Highest Curveball% (2021-2022)
Pitcher IP (min. 10) Curveball%
Pierce Johnson 73.0 66.1%
Jimmie Sherfy 15.0 63.9%
Brandon Workman 28.0 50.9%
Eduard Bazardo 19.1 47.9%
Matt Barnes 94.1 47.6%
Keone Kela 10.2 46.3%
Alex Lange 99.0 45.1%
Zach Jackson 48.0 44.6%
via Pitch Info

You might have concerns as to how a curveball-heavy approach will play at Coors Field. The high altitude can stifle vertical drop, and curveballs tend to have more vertical movement than any other pitch. But Johnson’s curve has never relied on vertical movement; instead, it has a ton of horizontal break, which shouldn’t be as affected. That being said, he does allow a higher-than-usual number of fly balls on his curve because he often throws it high in the zone. Those fly balls have the potential do a lot more damage at Coors than they did at Petco Park, so he would be wise to locate further down this season. Alternatively, he could pepper in a few more four-seam fastballs, on which he has a lower-than-average fly ball rate.

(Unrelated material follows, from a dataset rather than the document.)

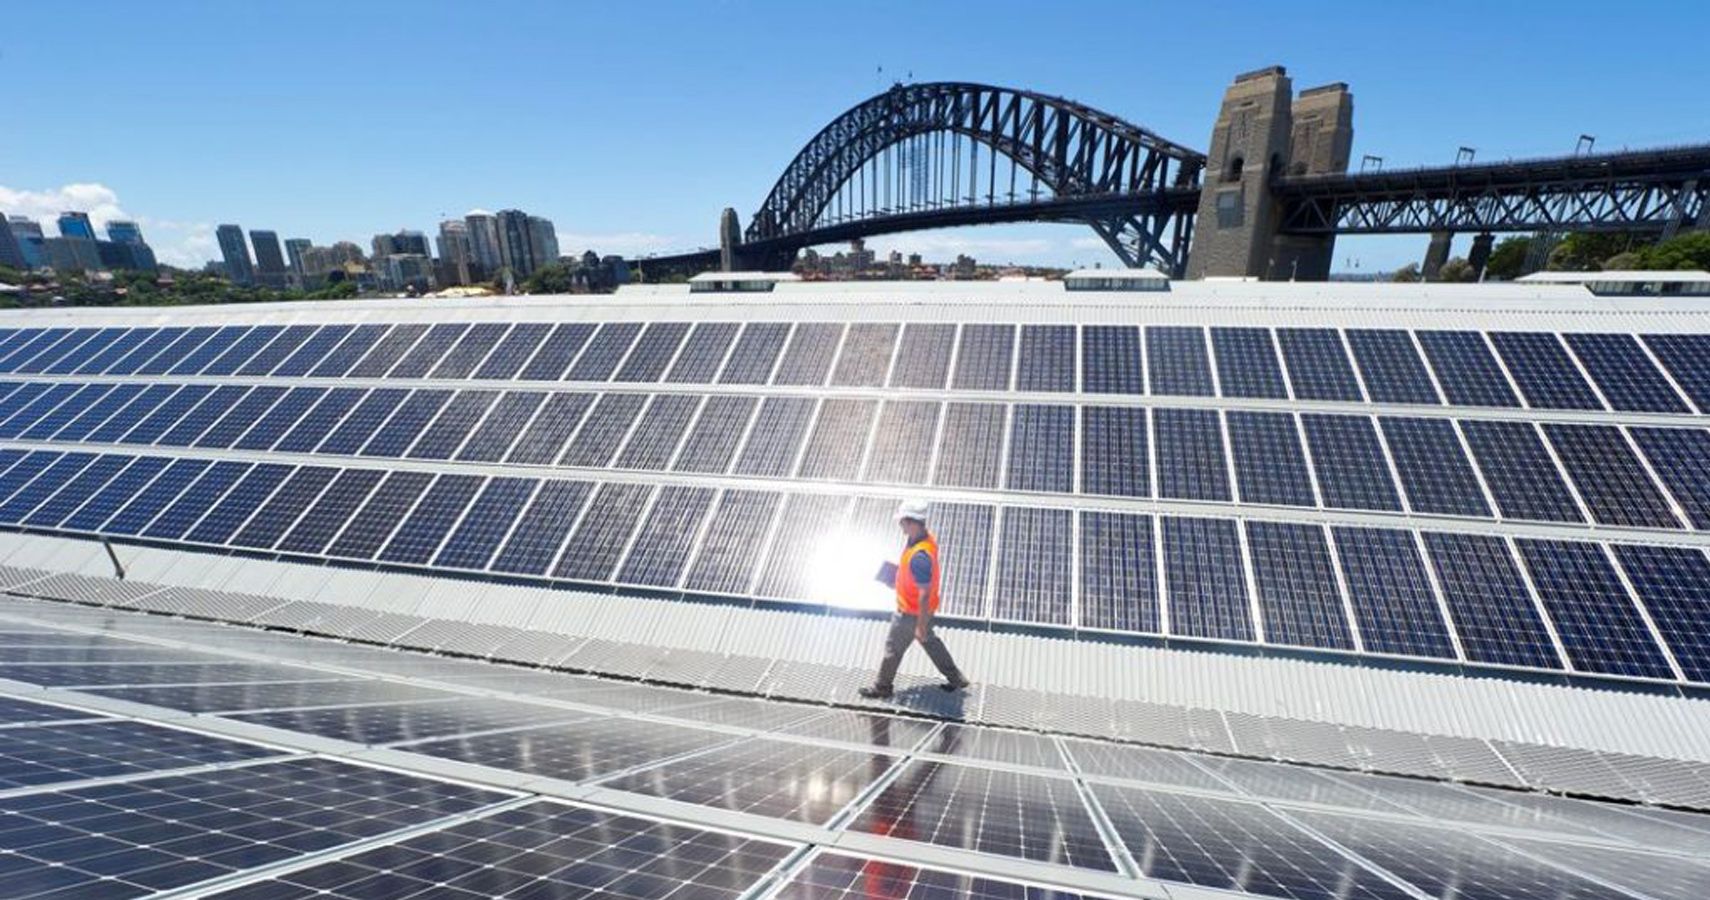 Australia espera operar totalmente com energia renovavel em 15 anos

Johnson was already throwing more fastballs last season than he did the year before. He was throwing curves at a ridiculous 72% rate in the first half of 2021, though that dropped to just under 63% in the second half and then fell a little more to 61.4% in 2022:

Johnson’s regular-season pitch mix has been relatively stable since the 2021 All-Star break, which suggests he’s found a mix he’s comfortable with. He took an exploratory risk with his elevated curveball usage, then whittled it down until he found the right balance.

That’s all well and good, except that things took another turn in the postseason, when Johnson went curve wild, throwing it 45 times out of 60 total pitches:

Johnson’s Playoff Pitch Mix
Series Curveballs Fastballs
NLWC 15 6
NLDS 20 4
NLCS 10 5
Total 45 15
SOURCE: Baseball Savant

This approach worked like gangbusters. Johnson faced 15 batters and retired 13 of them, punching out six and walking none. He struck out Brandon Nimmo, Mookie Betts, and J.T. Realmuto, to name a few. His curve induced 11 whiffs on 22 swings and an average exit velocity of just 84.5 mph.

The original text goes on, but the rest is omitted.